Overall, the total number of words and the number of “the” is, not surprisingly, strongly correlated (a visualisation is provided below – each data point represents one year from 1900 to 2000 included), but, again not surprisingly, small differences exist. Most importantly, the differences are small but consistent: for example, in recent years, the count of “the” is consistently lower (in proportion) than the total count of words (as the upper right corner of the plot shows). This is indeed what would be expected according to the recent-trash argument. However the question is: what is the influence of these differences?
To try to answer to this question, I re-analysed some data I had collected to test the new (July 2012) version of the database. In short, I extracted 100 random words from the Part of Speech database, stemmed them (but the results are the same for the not-stemmed words) and searched for those words in the Google Ngram database, limiting the search from 1900 to 2000. I repeated this operation 100 times (making a total of 10,000 random words searches). I tried both normalizations: the plots below show the same 100 repetitions (averaged) for the tot-normalization (left) and the the-normalization (right).
Even at visual inspection (you can click on the image for a larger version) seems quite clear that the frequencies of the same words tend to decrease in the case of the tot-normalization and to increase in the case of the the-normalization. If we average the repetitions the effect is more striking (I also z-transformed the data to have the same scale in the two plots, but this does not change the trends).

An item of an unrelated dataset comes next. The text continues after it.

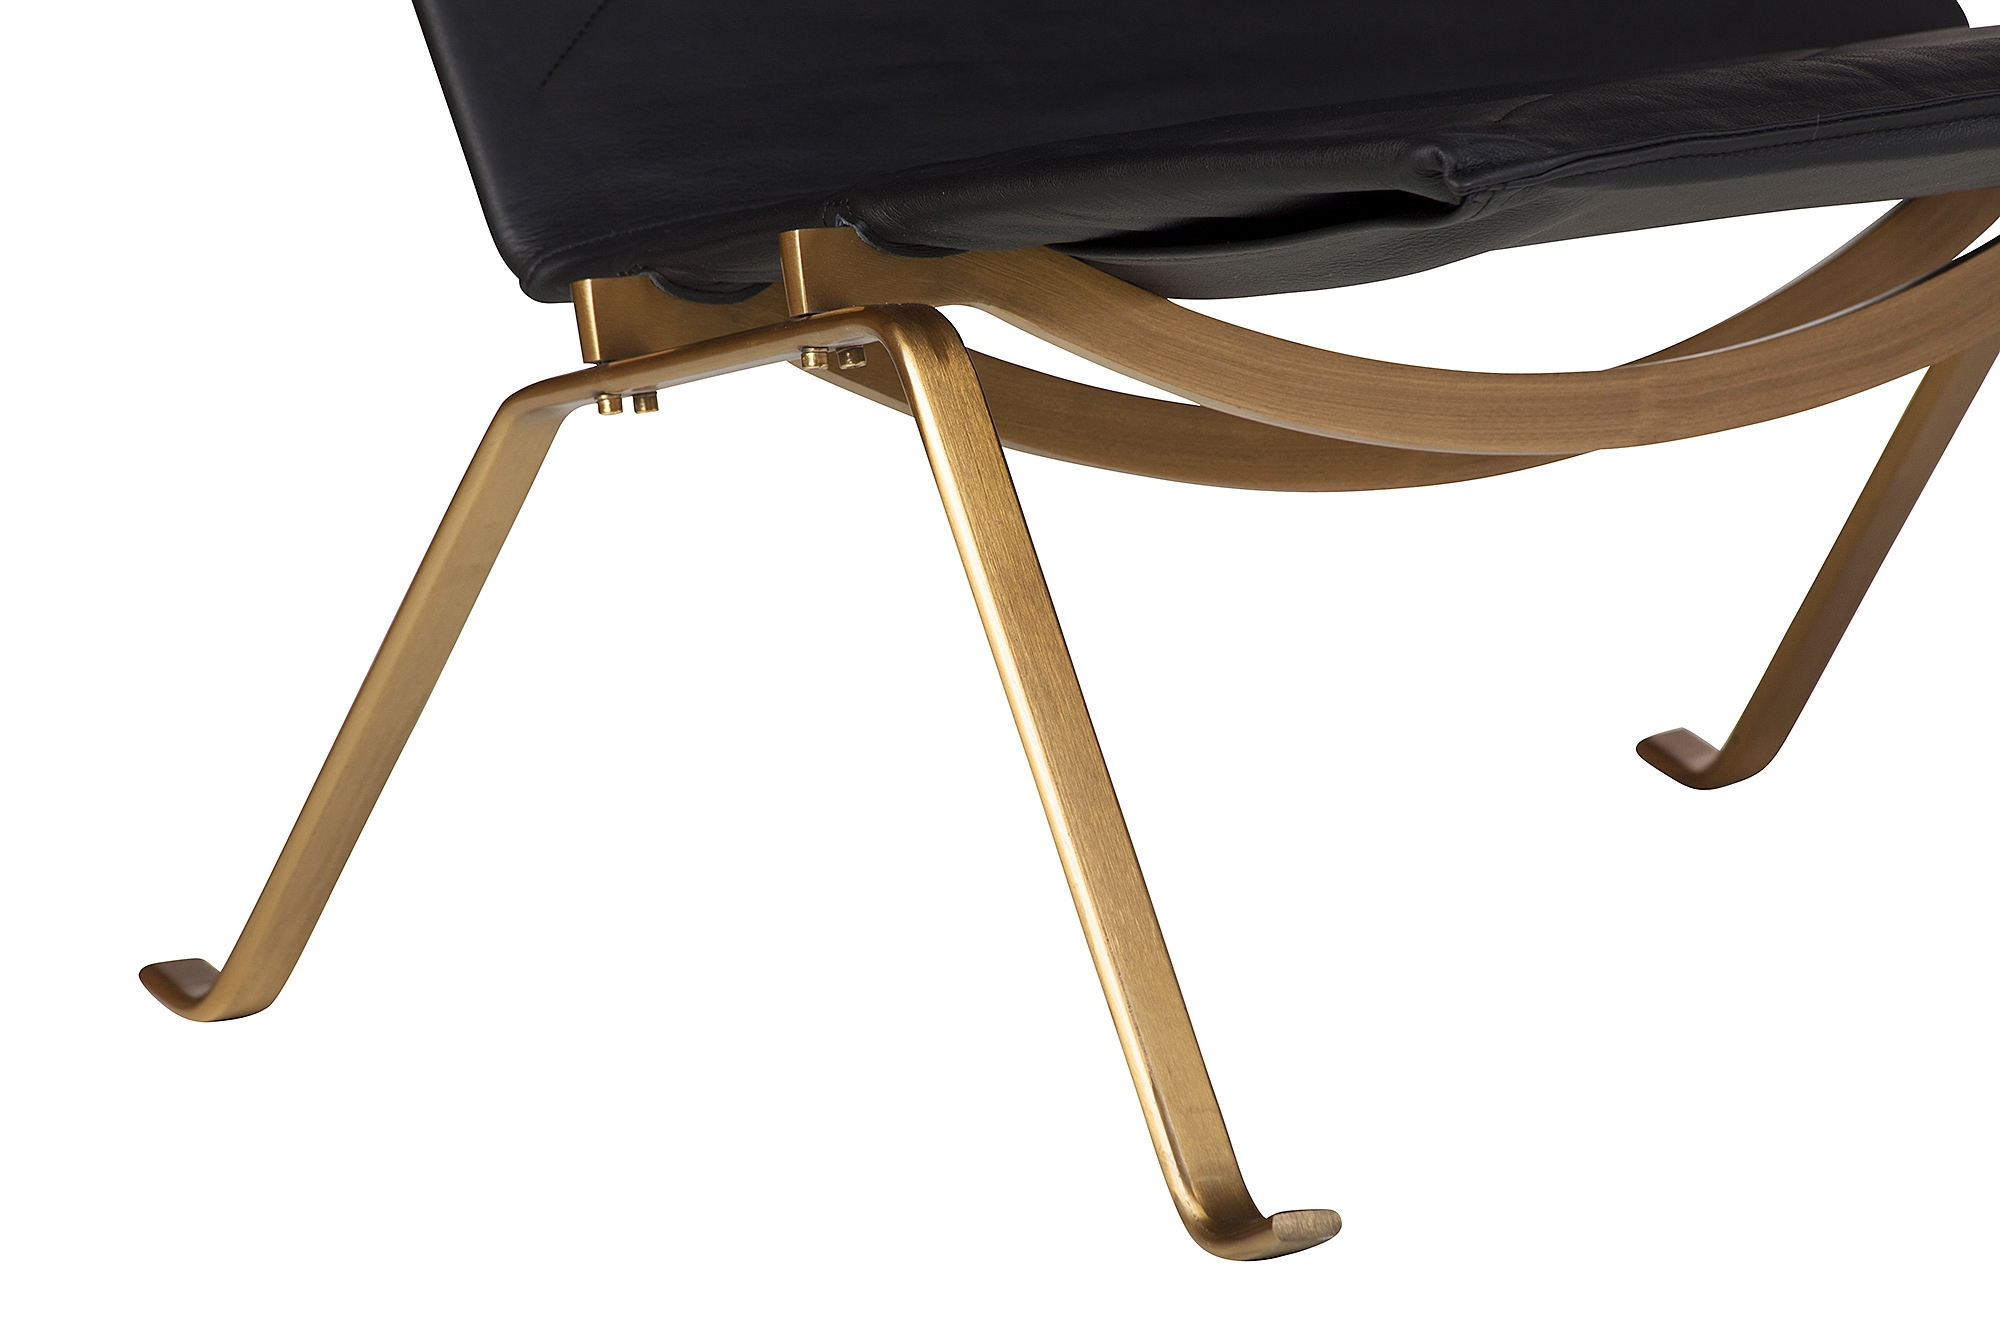 Outstanding Pk22 Style Easy Chair In Black Leather And Gold Inzonedesignstudio Interior Chair Design Inzonedesignstudiocom

If I am not missing something, this confirms the recent-trash argument (words do tend to decrease in frequency when tot-normalised) but it also shows that with the the-normalization the opposite problem is present, that is, words frequency artificially increases in recent years. We have a few ideas to explain why this should be the case, but they need to be tested.

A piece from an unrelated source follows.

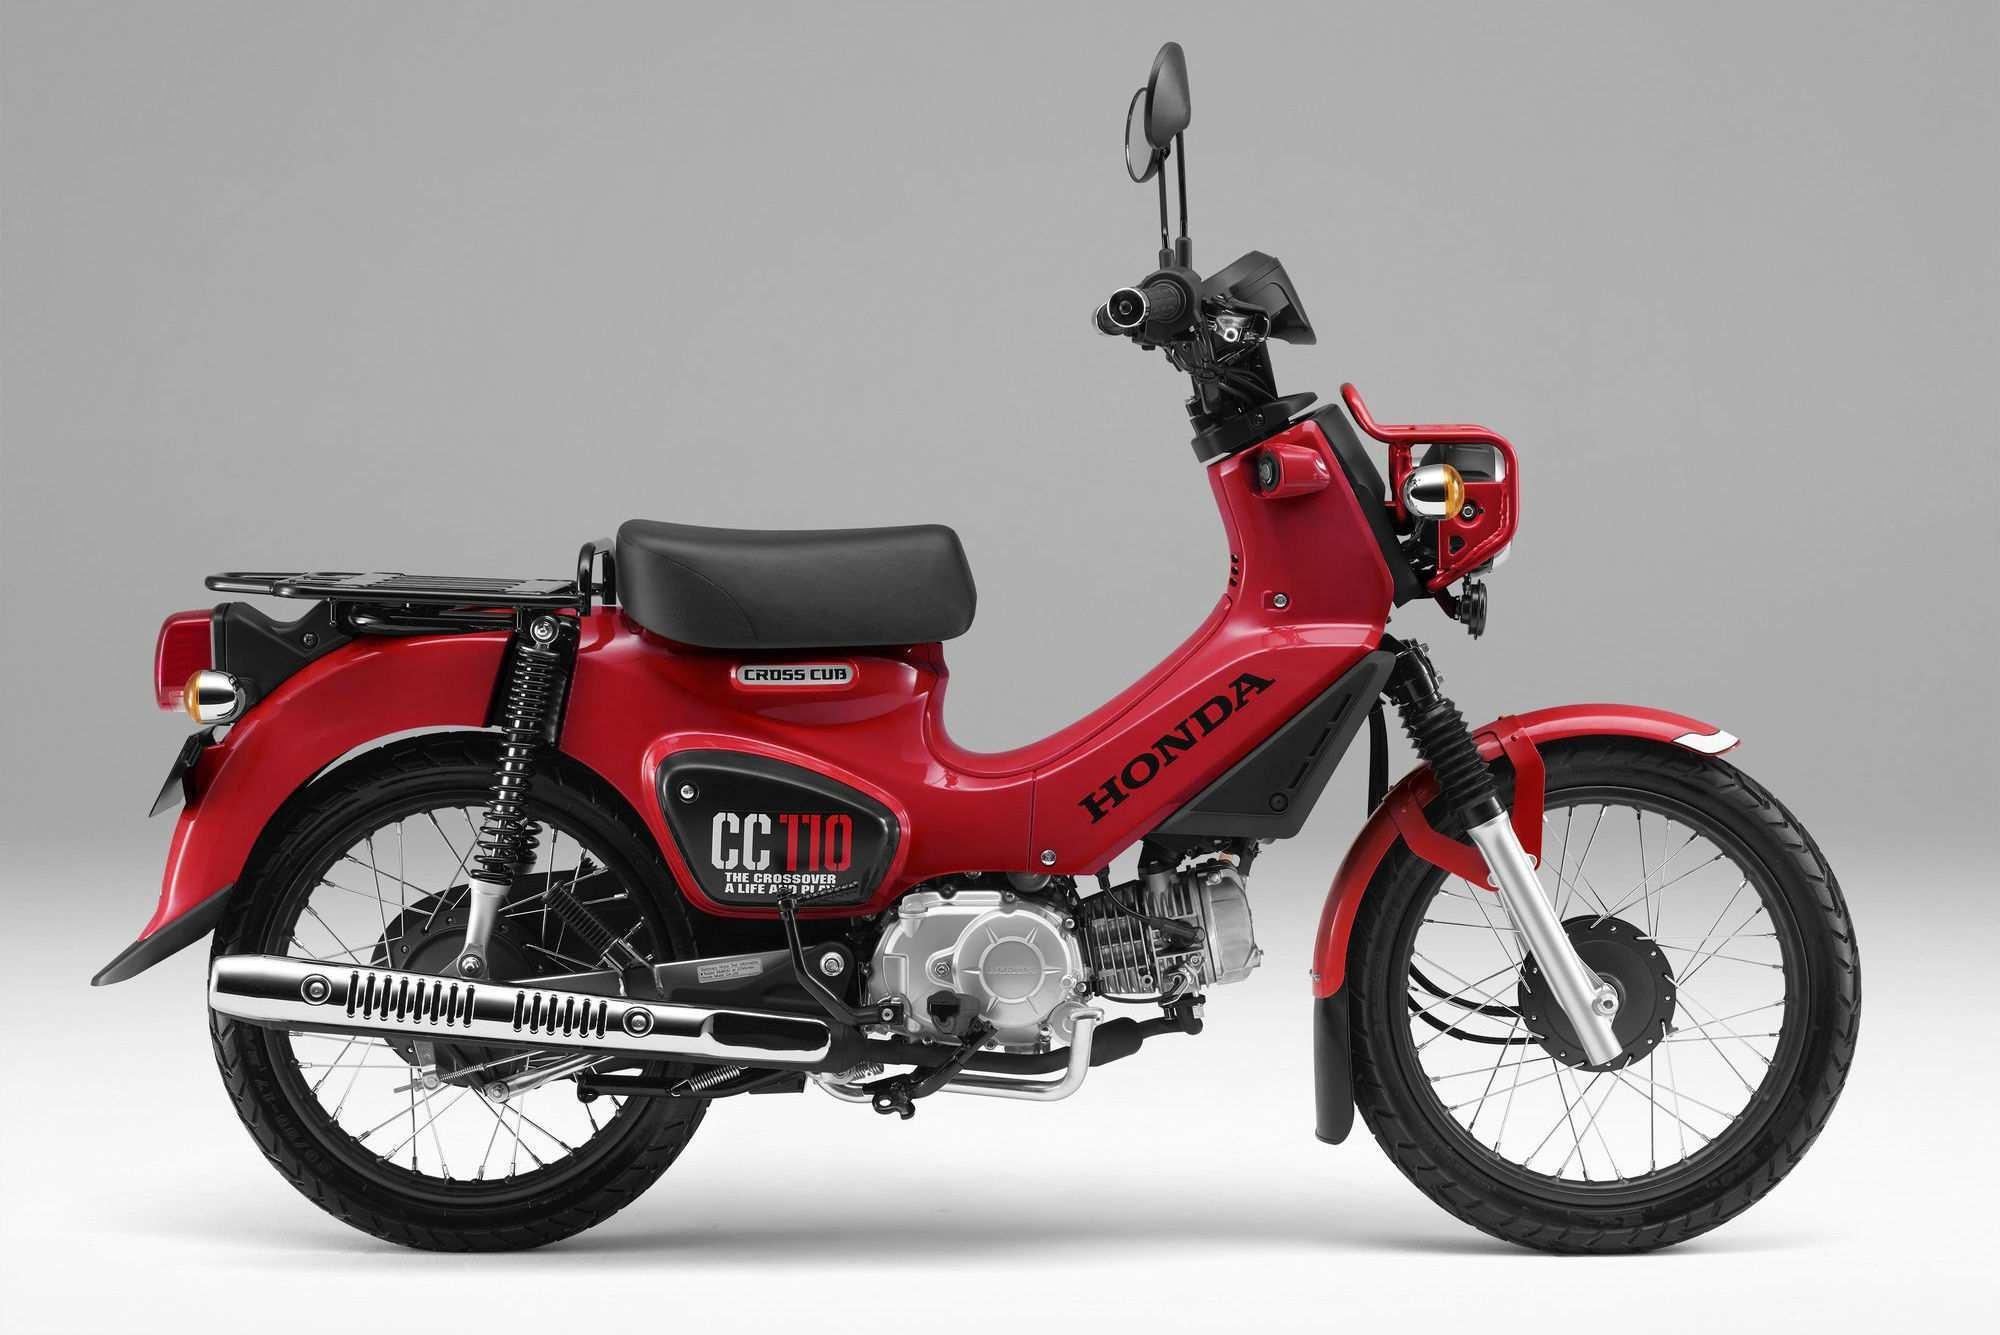 67 Gallery of 2019 Honda 125 Cub Pricing for 2019 Honda 125 Cub

These biases do not represent a problem when comparing trends of words (like “Sherlock Holmes” VS “Frankenstein”) as long as they are normalized in the same way (obviously). However, if one takes a single word, or, especially, a set of words semantically related (e.g. words associated to emotions, religion, economy, etc.) to analyse their “absolute” trends, the normalization might create unwanted effects. One possibility to avoid this is to compare them with trends from random words normalized in the same way (as we did in our recent paper, showing a general decrease in the use of words related to emotions, with the exception of words associated to “fear”).